Perinatal deaths due to TOP for MPI are excluded.

Cause of preterm stillbirths and NND

The classifications of stillbirths and NND by gestational group are presented in Figure 1.

Figure 1

PSANZ‐PDC cause of stillbirth (a) and neonatal death (NND) (b) by gestation group. Perinatal deaths due to terminations of pregnancy (TOP) for Maternal Psychosocial Indications (MPI) are excluded.

Congenital anomalies

Congenital anomalies were the most common category of preterm stillbirth (40.3%) and the second most common category of preterm NND (31.4%). Preterm stillbirths due to congenital anomaly were most common in the extremely preterm period (45.4%) and decreased with increasing gestation (34.9% very preterm and 22.1% of moderate‐late preterm; P < 0.001). In contrast, they were more common in the moderate‐late preterm NND (66.3%) compared to earlier gestation groups (26.1% in the extremely preterm period and 34.2% of very preterm; P < 0.001).

Spontaneous preterm birth

Deaths due to spontaneous preterm birth (sPTB) were the most common cause of death for NND (38.2%) and decreased with increasing gestation. In contrast, 11.5% of preterm stillbirths were classified as sPTB. sPTB was most common in the extremely preterm groups (45.2% for NND and 15.7% for stillbirth) when compared to later gestations (14.0% for very preterm NND and 5.9% for moderate‐late preterm NND (P < 0.001) and 1.1% for both very preterm and late preterm stillbirths (P < 0.001)).

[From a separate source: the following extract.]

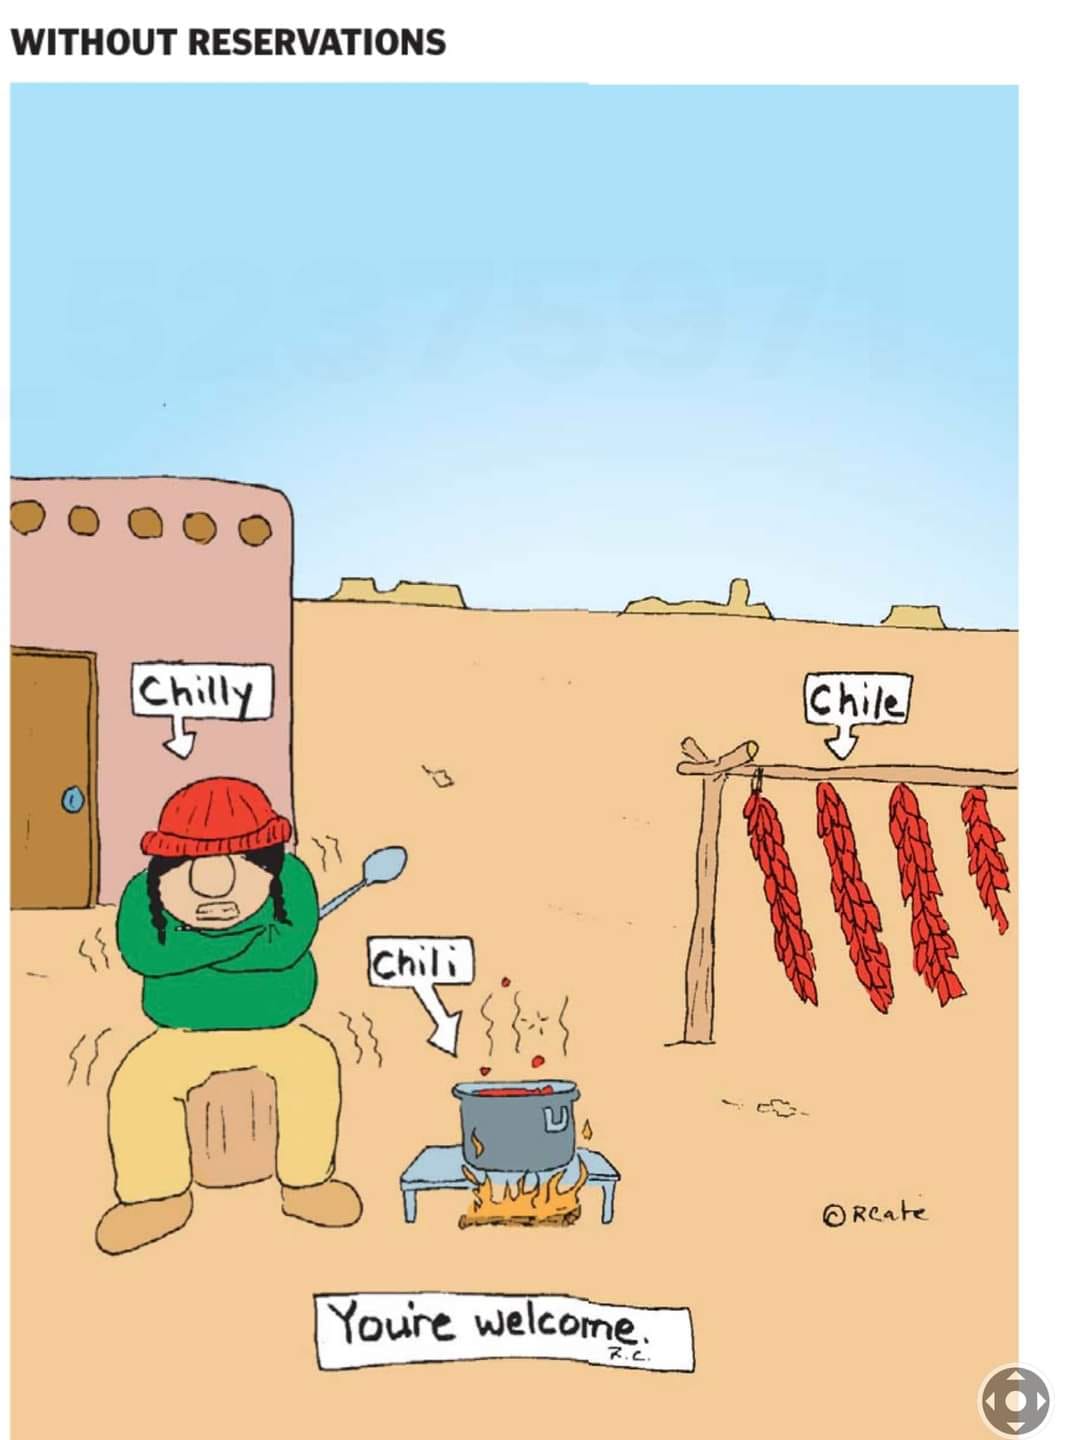 Chile vs Chili cartoon.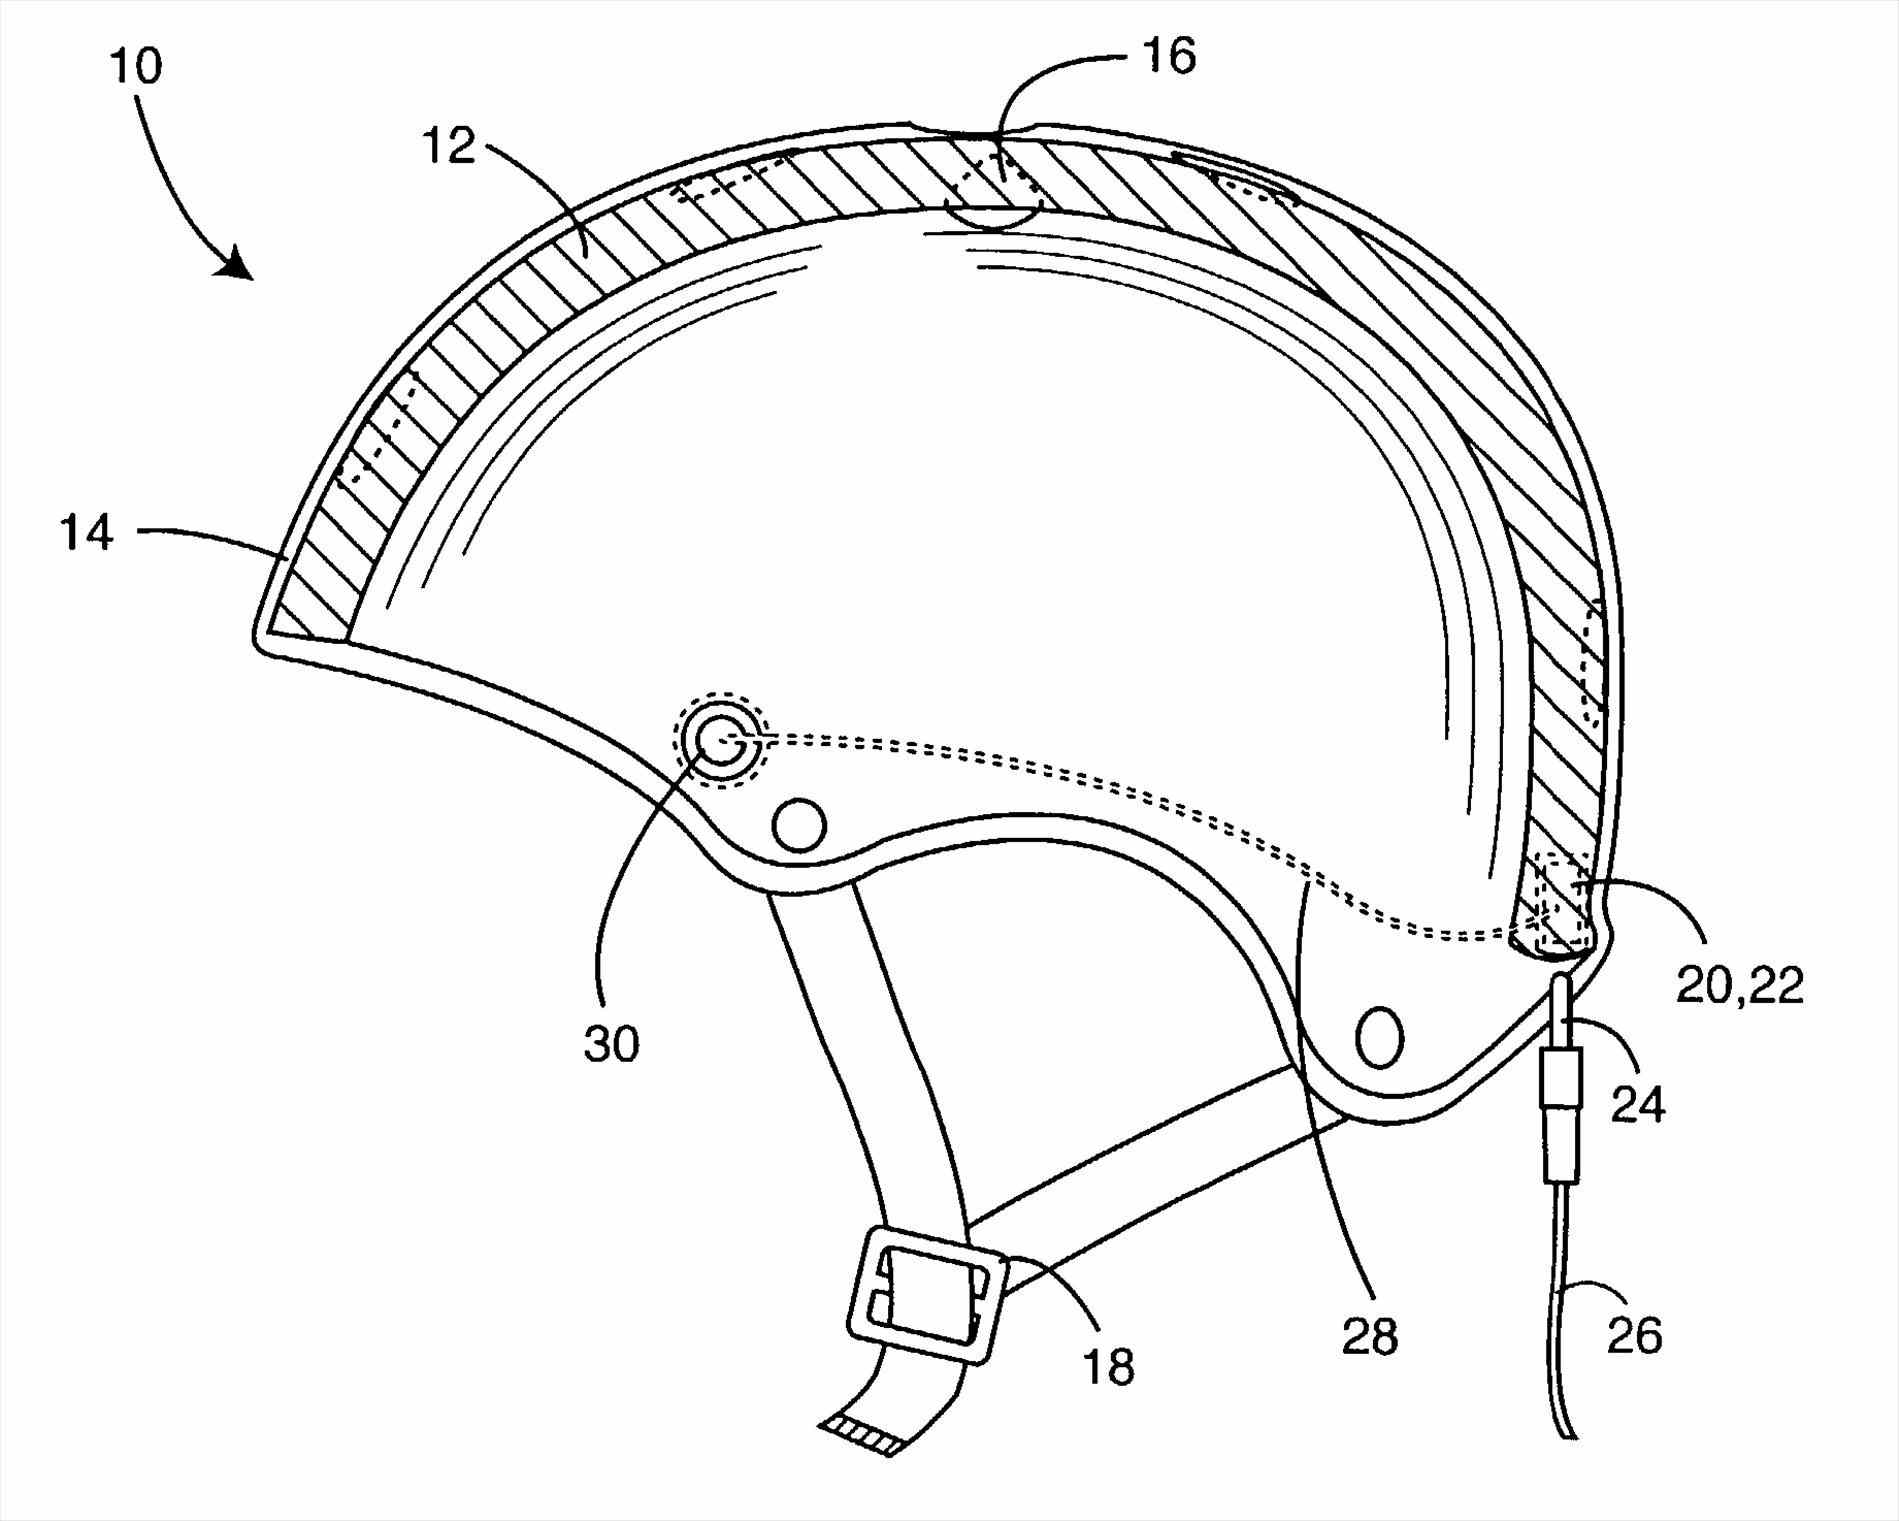 Bicycle Helmet Drawing at GetDrawings Free download

Unexplained antepartum death

‘Unexplained antepartum death’ was the second most frequent category of preterm stillbirth (14.2%), and the proportion of these increased with increasing gestation from 9.7% in the extremely preterm group to 24.7% very‐preterm and 26.4% in the moderate‐late preterm period (P < 0.001).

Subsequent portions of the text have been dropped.